以下是读者推荐 2015年3月31日《人民论坛》的文章(中文翻译采用 TR EMERITUS 网 2015年4月8日版本):

(中英文对照)恐惧已经死亡!

四天前,肯尼斯和我被几位香港记者问到是否会到李光耀灵前吊唁,肯尼斯回答说不会。当被追问为什么时,他嘀咕着,好像是说没这个必要。这几位年轻的记者看来非得要到答案,于是转而问我。我也回答说,不会。他们追问为什么,我当时以排队的人龙太长为借口。可是不知道为了什么,我对自己的答复,心里总是觉得不快。

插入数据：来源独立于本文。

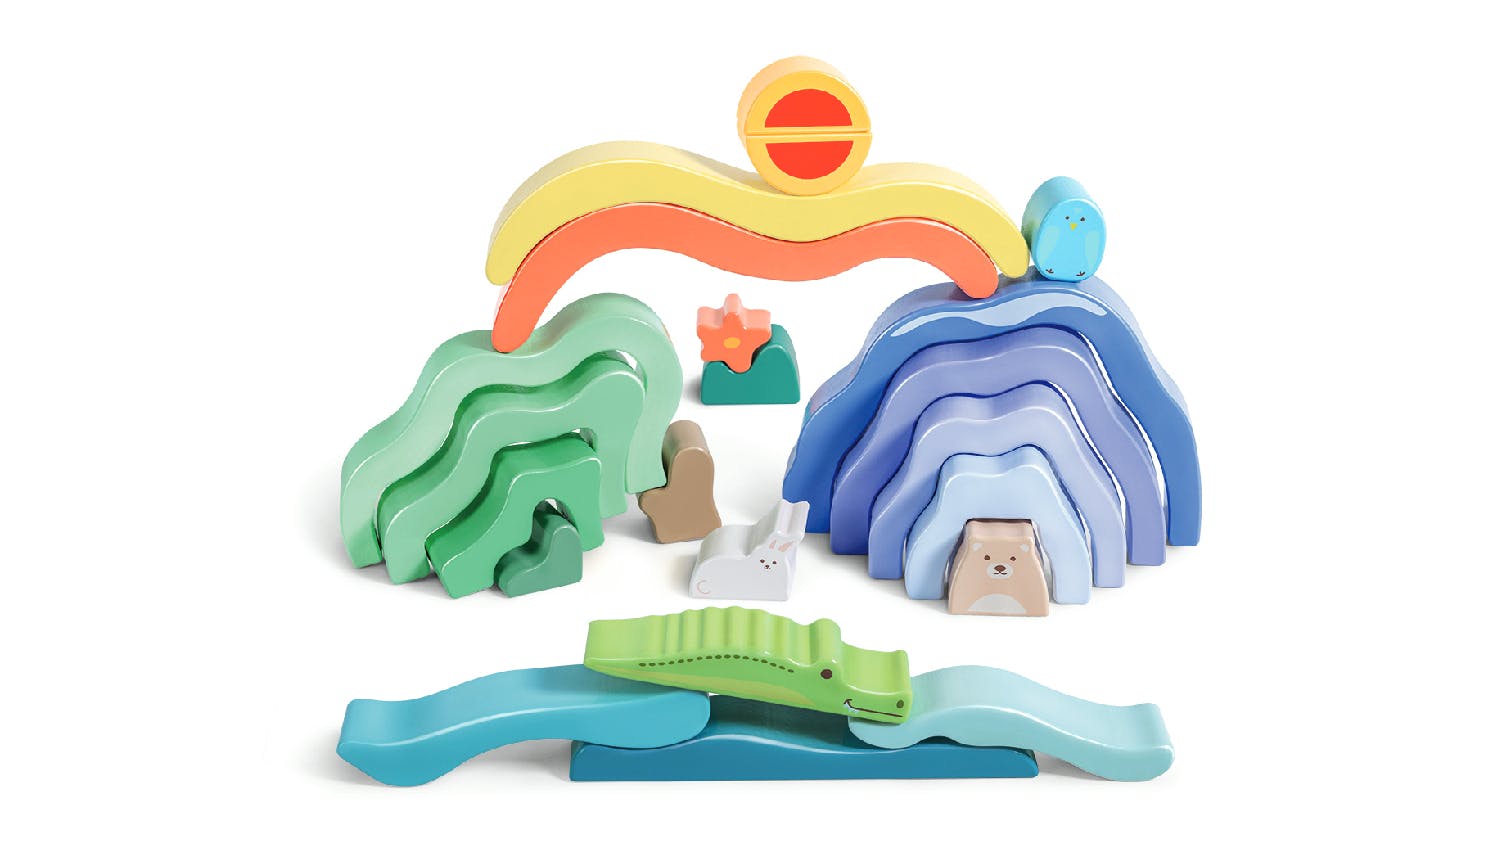 Pretend to be an expert in eCommerce and SEO. List Without Description The Top 10 Most Popular Search Keywords For The Item "Hape Wooden Nature Scene Stacking Blocks". Also add the Top 10 Most Popular Long-tail Keywords.
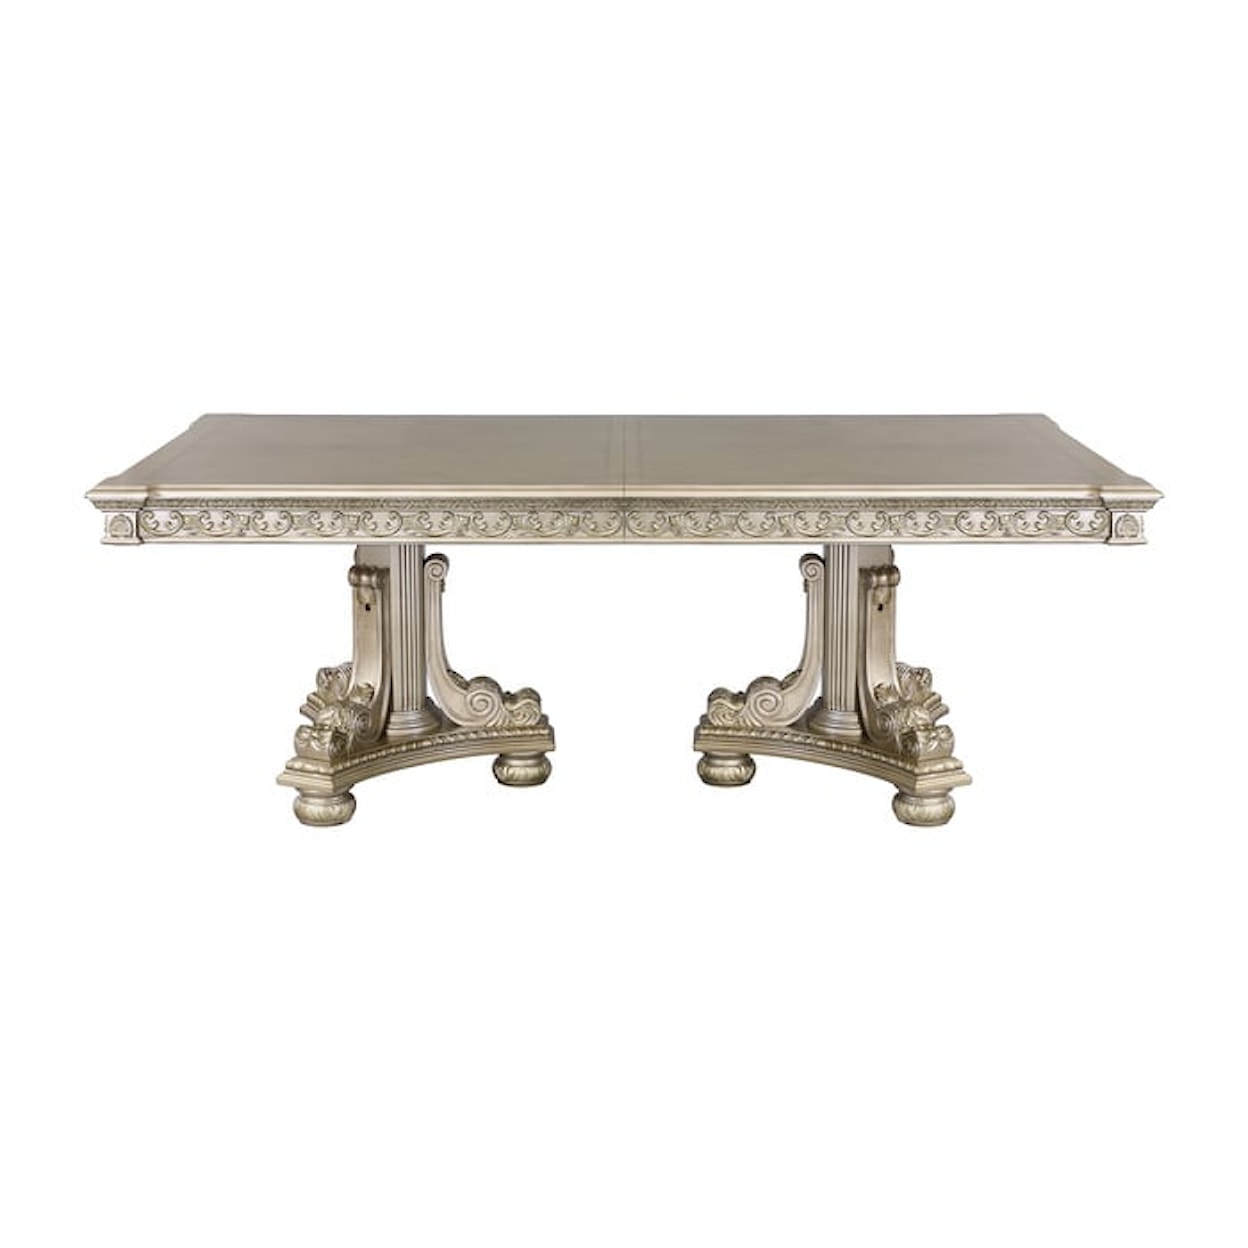 Homelegance Catalonia Dining Table

在“全国哀悼”的那个星期,不时有邻居问我有没有到李光耀灵前吊唁,他们都是李光耀的狂热粉丝,我简单地回答“没有”。我没有详细说明,他们也没寻根问底。我知道我当下的想法是我要尊重死者,我不想伤害那些提问的人,告诉他们那个死者在他担任总理期间,是怎样伤害了我和我的家人。

在葬礼之前的几天,群聊一直充斥着在烈日下的人龙有多长、葬礼的计划和安排、巴士和地铁延长穿行的时间、和死者那些匪夷所思的成就等等信息。到了第六天,我再也无法忍受这样的信息,退出了那些群聊。我没有说明原因,这或许又是出于对死者的尊重。

那些知道我过去的朋友们不停地问我,有没有打算写些关于李光耀的材料。我是有这个打算,但在这20多天里,我的脑子一片空白,根本无法写出理性的文章。似乎有一个内在的声音告诉我要保持沉默,不要去破坏那举国的哀痛,让他们平静地哀痛。但是在李光耀死后的第二天,即3月24日,我就母亲的想法写了一段。我原本无意执笔,只是自然而然就写就了该文,似乎是母亲促使我为她而写。那天早上,我曾到过我母亲的骨灰龛,那是她去世三周年的忌日。突然,我的姐姐开始谈论过去,谈论她自己和我妈妈。我原本不了解,现在才知道,她在我被逮捕后,到底经历了什么和她是如何看待我的被捕。她是怎么厌恶那个死者,每当他的影像在电视上出现,她就关机。在回家的漫长路上,我记录下她的想法。我再也不理会李光耀,我母亲的悲伤比他的去世和全国哀悼要大得多。当我写完并张贴在我的脸书页面后,我哭了。那个时间大约就是她三年前在家里去世的时间。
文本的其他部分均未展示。